Gold Rebounds as Improving Economy May Boost Demand for an Inflation Hedge
Gold rebounded from a three-week low on speculation that an improving global economy will spur inflation, boosting demand for the precious metal as a hedge.
The MSCI All-Country World Index and the Standard & Poor’s 500 Index gained today after reports showed Chinese industrial output and U.S. retail sales topped economists’ estimates. Before today, gold slumped 2 percent in the past week, dropping yesterday to $1,511.40 an ounce, the lowest since May 23.
“Gold is embracing the inflationary discussion,” said Adam Klopfenstein, a senior market strategist at Lind-Waldock in Chicago. “The huge rally in the S&P gave gold the risk-on attitude that it so dearly needed. Gold is acting more as a reflection of the growth element in the economy.”
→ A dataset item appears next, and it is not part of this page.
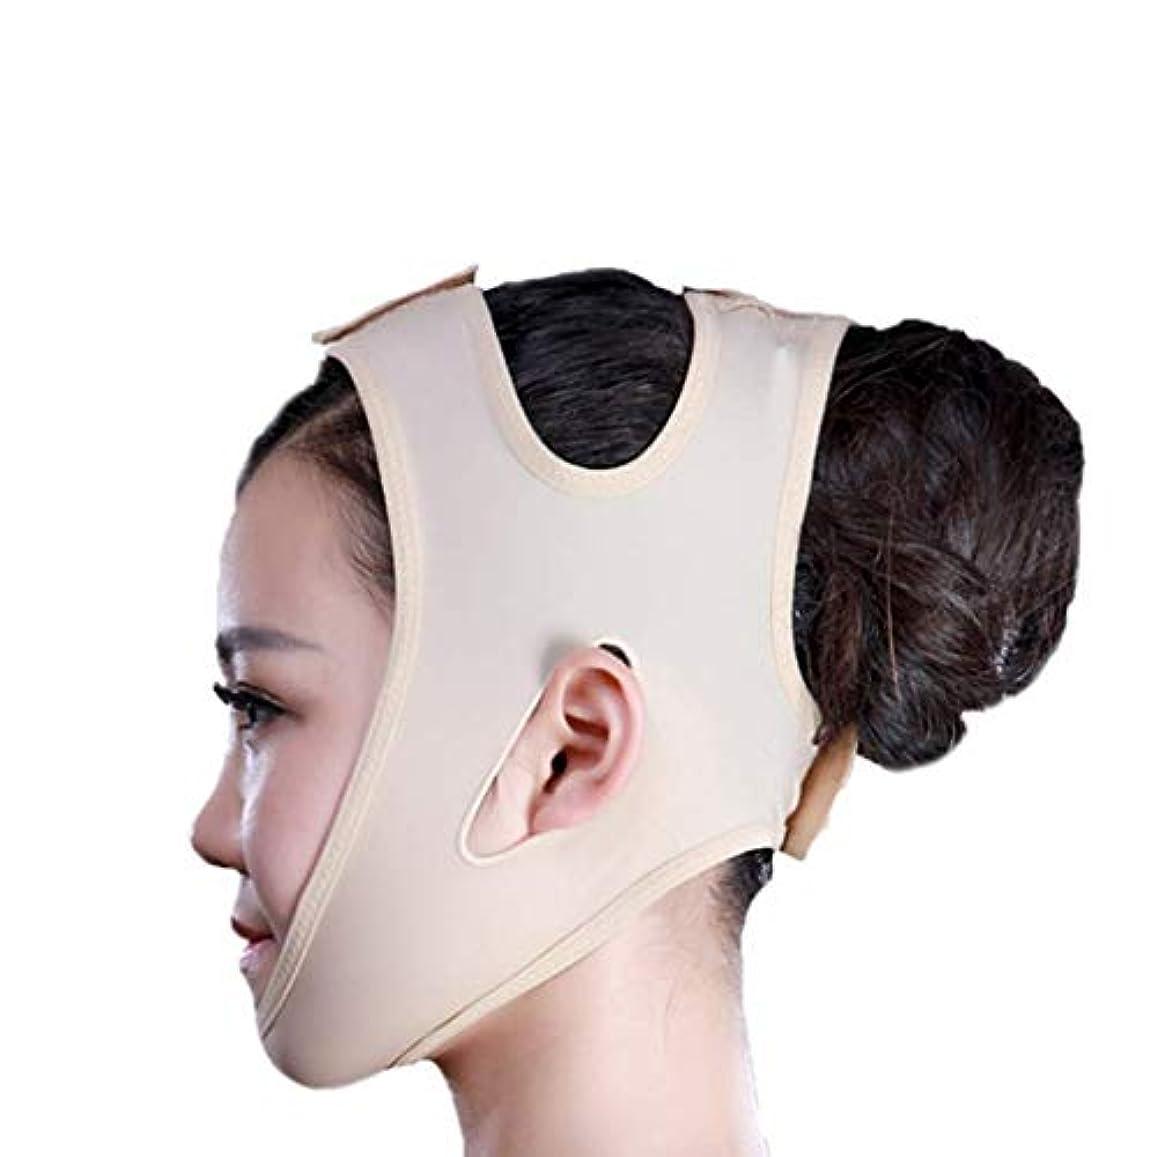 仲人好意的実証するフェイススリミングマスク、快適さと通気性、フェイシャルリフティング、輪郭の改善された硬さ、ファーミングとリフティングフェイス(カラー:ブラック、サイズ:XL),黄色がかったピンク、M

Gold futures for August delivery rose $8.80, or 0.6 percent, to settle at $1,524.40 at 1:55 p.m. on the Comex in New York. The metal has advanced 7.2 percent this year, reaching a record $1,577.40 on May 2.
The Federal Reserve has kept its benchmark interest rate at zero percent to 0.25 percent since December 2008 and pledged to buy back $600 billion in U.S. Treasuries by the end of June to revive the economy.
“The worry in metals seems to be centered on the health of the global economy,” said Tom Pawlicki, an analyst at MF Global Holdings Ltd. in Chicago.
Silver futures for July delivery rose 67.4 cents, or 1.9 percent, to $35.411 an ounce on the Comex. The price has gained 14 percent this year.
Palladium futures for September delivery dropped $7.60, or 0.9 percent, to $792.75 an ounce on the New York Mercantile Exchange.
Platinum futures for July delivery fell $11.90, or 0.7 percent, to $1,794.90 an ounce on the Nymex.